E olha que aprender a escrever à mão, no meu tempo, era uma dificuldade. No curso primário a gente tinha aula de linguagem. Tinha o caderno de linguagem, que todos eram obrigados a comprar. A linha era subdividida em duas partes, sendo a de baixo menorzinha para caberem as letras baixas, como o “a” e o “o”, por exemplo. E quando pintava um “l” ou um “t”, tinha que ir até lá em cima. Assim, todo mundo ficava com a letra igual à da professora, que era perfeita, por sinal.
Com o passar dos anos e com o desuso, a minha letra foi ficando horrorosa demais. Nem eu mesmo entendia. Passei a só escrever em letra de forma. O tempo passou mais e mais e a letra se foi deformando toda. Mas dava para o cheque. Agora, com a máquina de preencher cheque, lá se vai a minha letra. Com você anda acontecendo o mesmo?
Tenho certeza que, no futuro próximo, os alunos em vez de caderno vão levar os notebooks para a sala de aula. A letra à mão será coisa pré-histórica. Imagino os novos alunos, quando já grandinhos, olhando as receitas dos médicos e imaginando que os pais e avós escreviam daquele jeito. Ou será que também os médicos vão ter uma maquininha para dar suas tortas receitas?
Fico triste ao constatar tudo isso. É como se uma parte de mim fosse embora. Uma parte trabalhada duramente durante anos e anos.
O correio elegante das quermesses, como ficará? Persistirá, mesmo com as pessoas tendo letras cada vez mais confusas? Como conquistar uma moça com aquela letra, gente? E o cartãozinho das flores remetidas? Será que só usaremos as letras manuais para os motivos apaixonantes?
Chegará o momento que usaremos a nossa mão apenas para a assinatura. Ou será que teremos um cartão a laser que, passado em cima de um papel, depois de codificado por um número, imprimirá nossa assinatura? Ou será que voltaremos ao uso infalível da impressão digital?

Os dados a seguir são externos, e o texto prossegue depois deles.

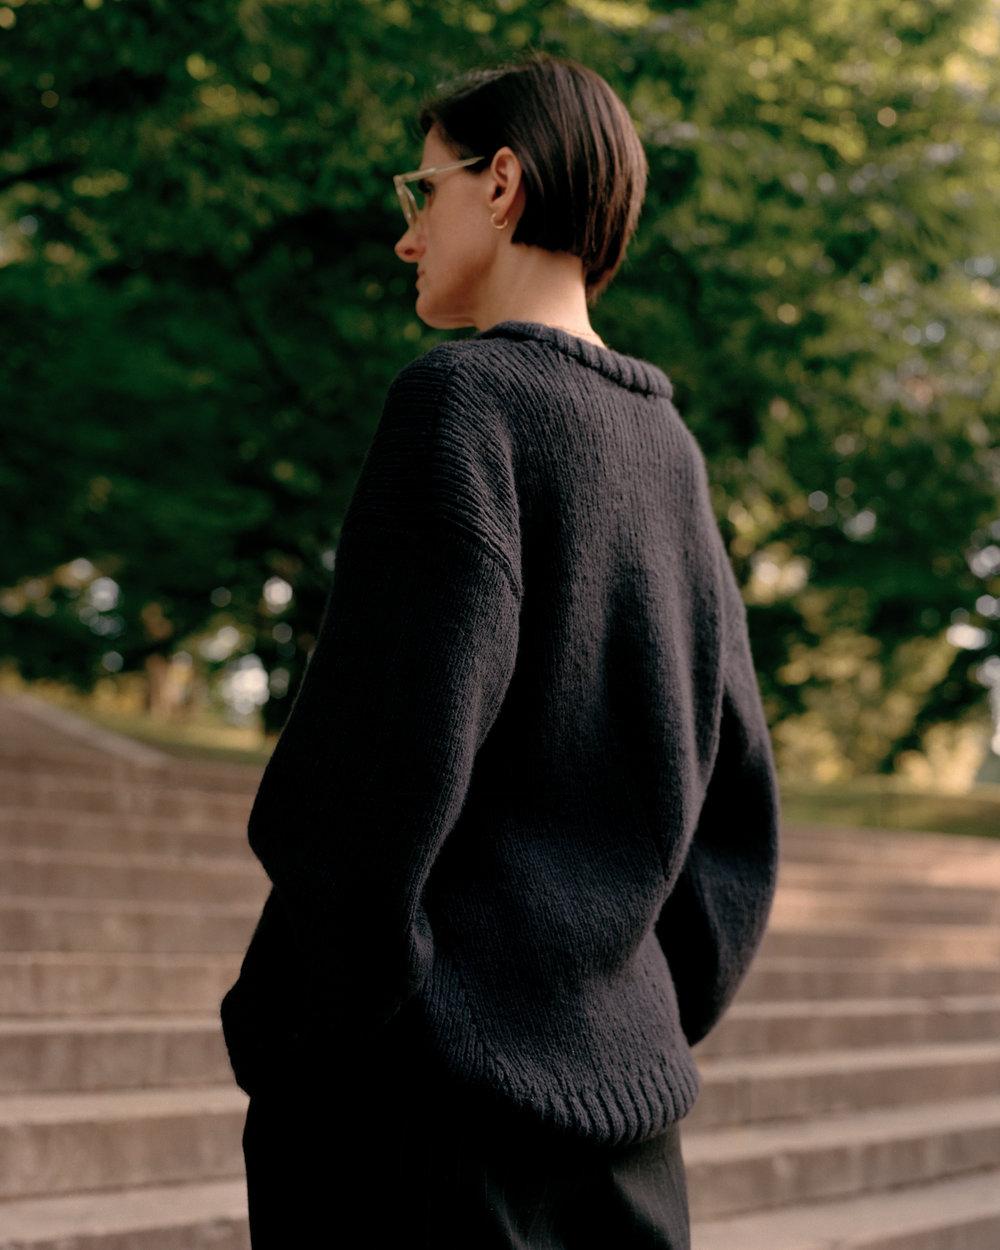 RykerAllenAARSweaters (2 of 12).jpg

Será que um dia chegaremos ao absurdo de ser proibido escrever à mão? Penas pesadas para os infratores? Fulano preso escrevendo poesias em plena praça. O que o pai do fulano não vai pensar daquilo? Mesmo a multa aplicada pela guarda não será escrita à mão. Ele digita a placa do seu carro e a informação vai diretamente para o Detran.
Nos países mais metidos a besta (também conhecidos como Primeiro Mundo), os garçons já pegam o seu pedido com um mini computador que leva imediatamente o seu pedido para o cozinheiro.

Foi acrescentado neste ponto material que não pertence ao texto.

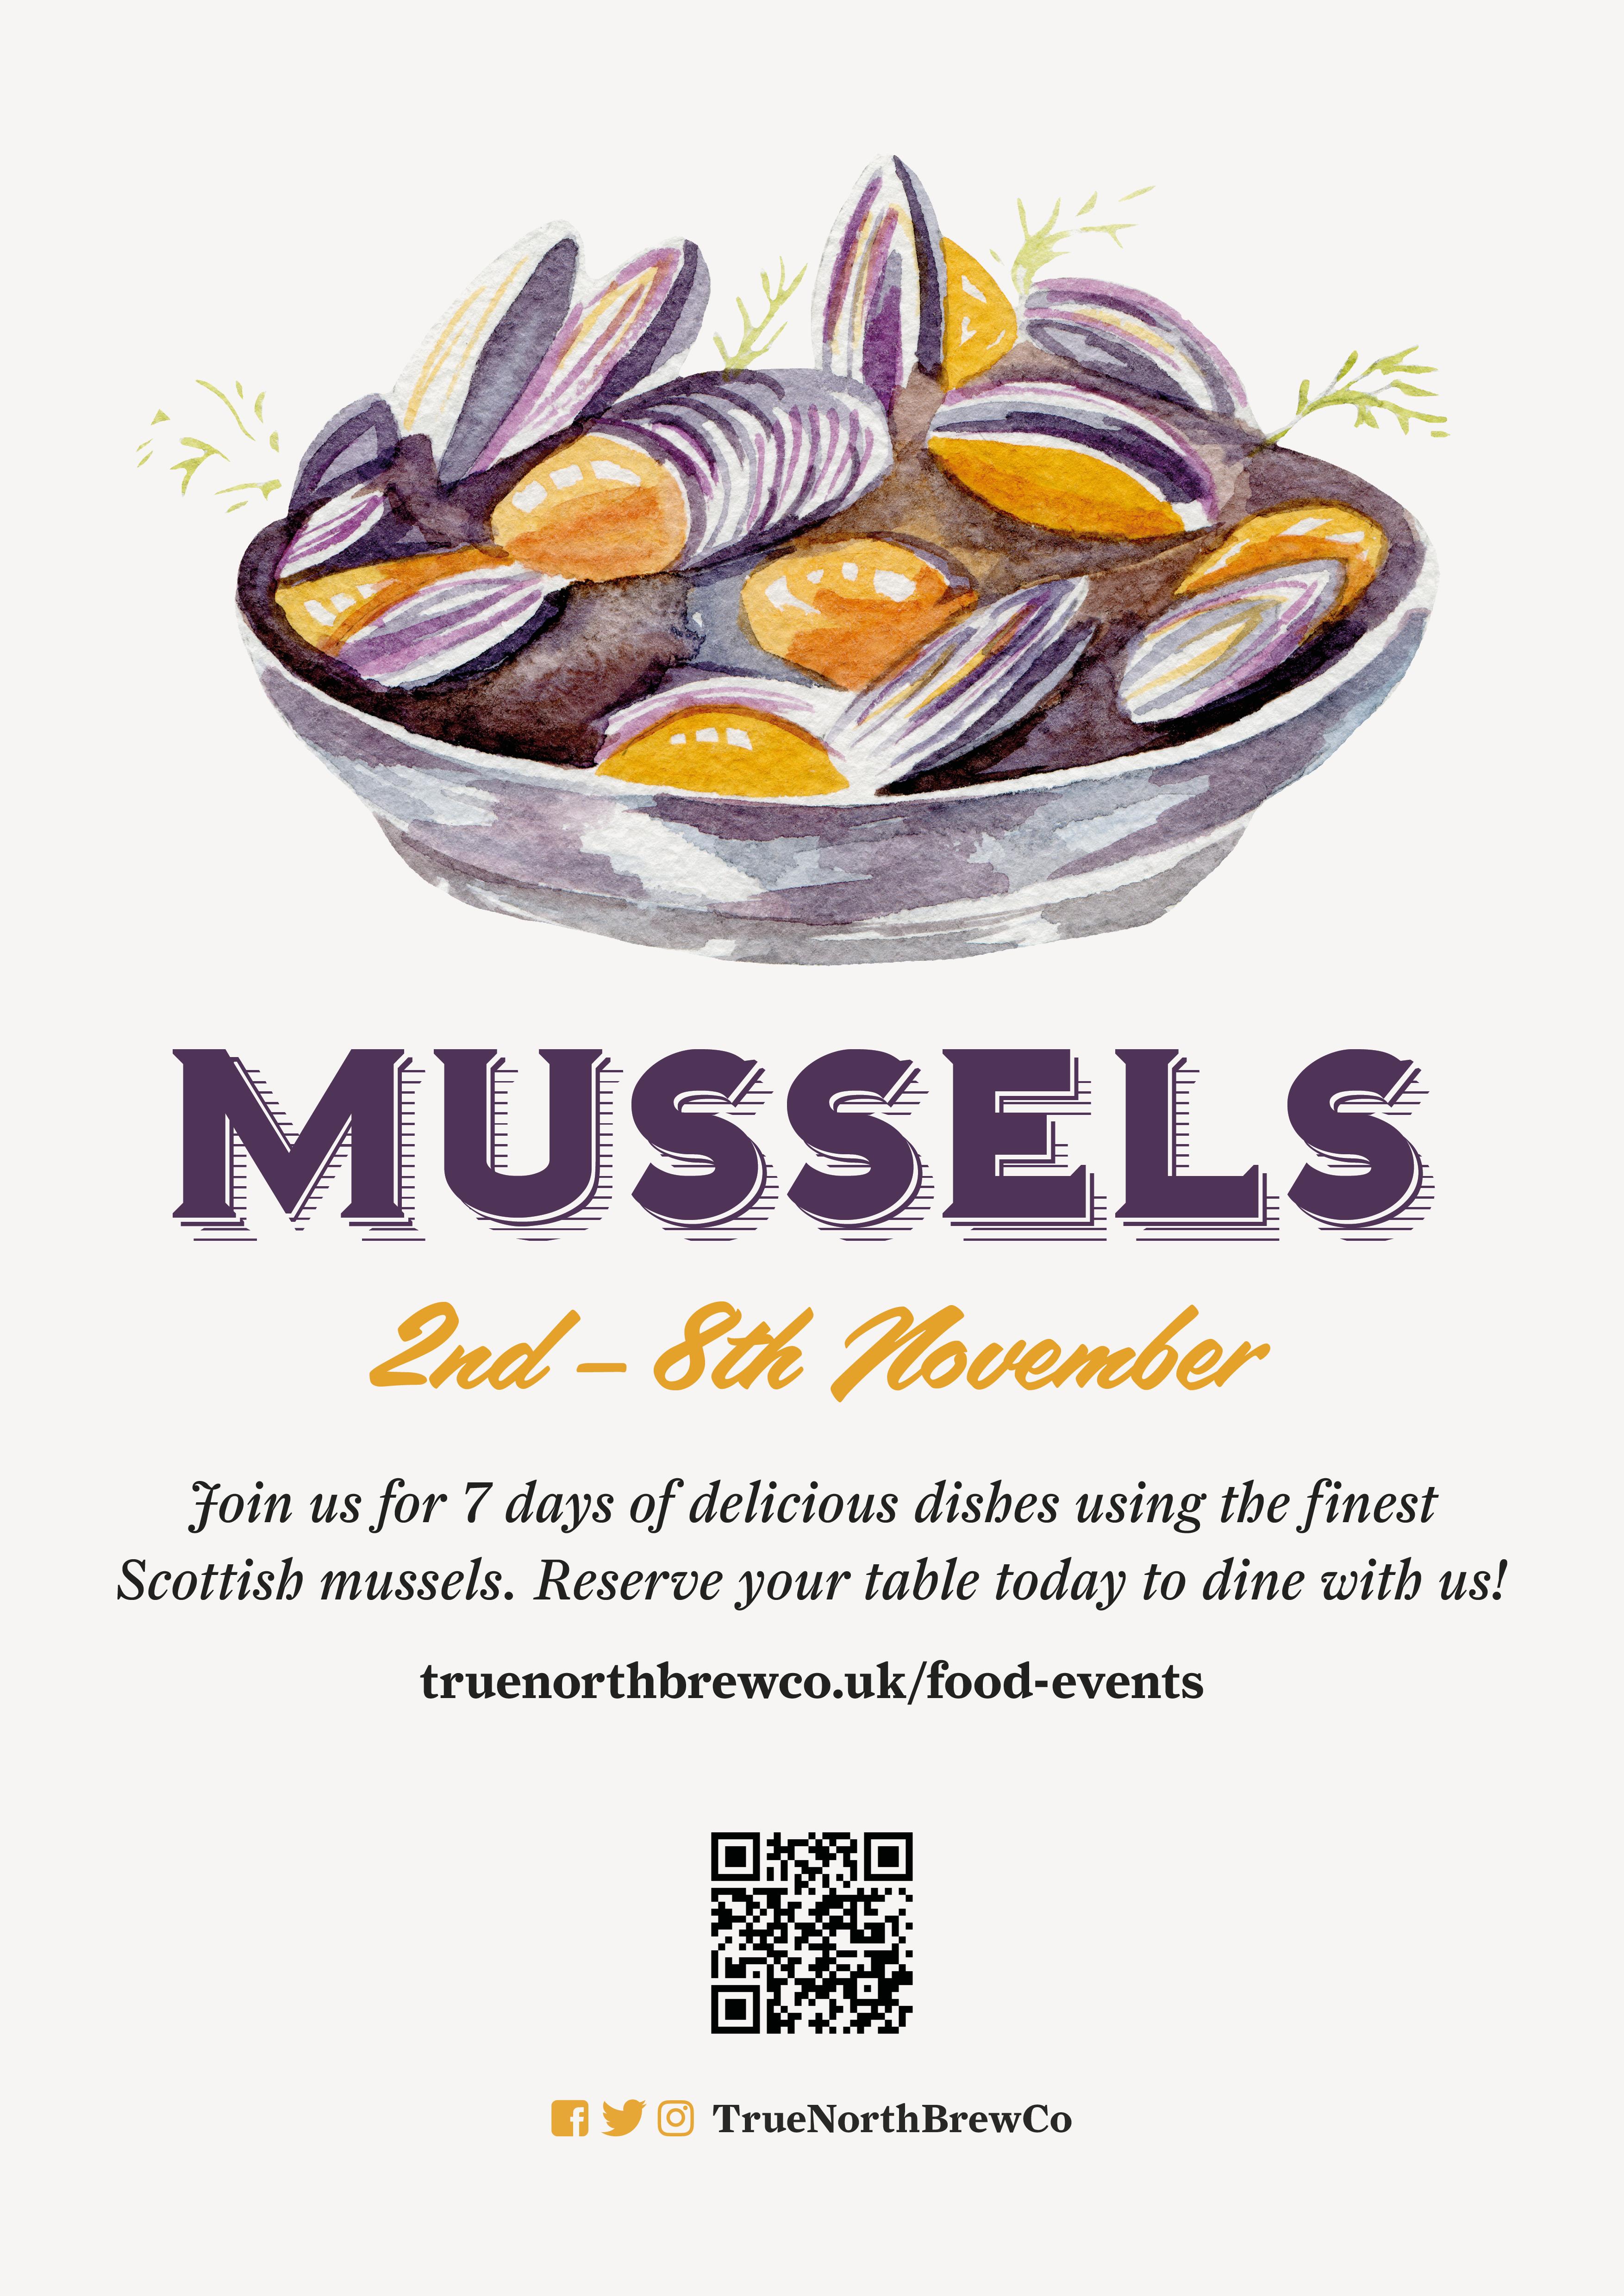 Mussels Week 2020

Claro que o jogo do bicho será rapidamente informatizado, evitando aqueles papeizinhos que a gente sempre perde ou não confere. Sorteio de amigo-secreto com aqueles pedacinhos de papéis dobrados. Sobreviverá? Haverá na seção ainda alguém com boa letra para tanto?
Como as secretárias vão avisar o chefe que fulano telefonou a tal hora? Tudo por cabos eletrônicos, é claro.
Listinha de pecados para confessar. Grava-se num gravadorzinho e enfia no ouvido do padre. Afinal, os nossos pecados são sempre os mesmos. Principalmente o pecado da preguiça, que marcará nossas vidas neste século que está chegando. Em algarismos romanos, sei lá por quê.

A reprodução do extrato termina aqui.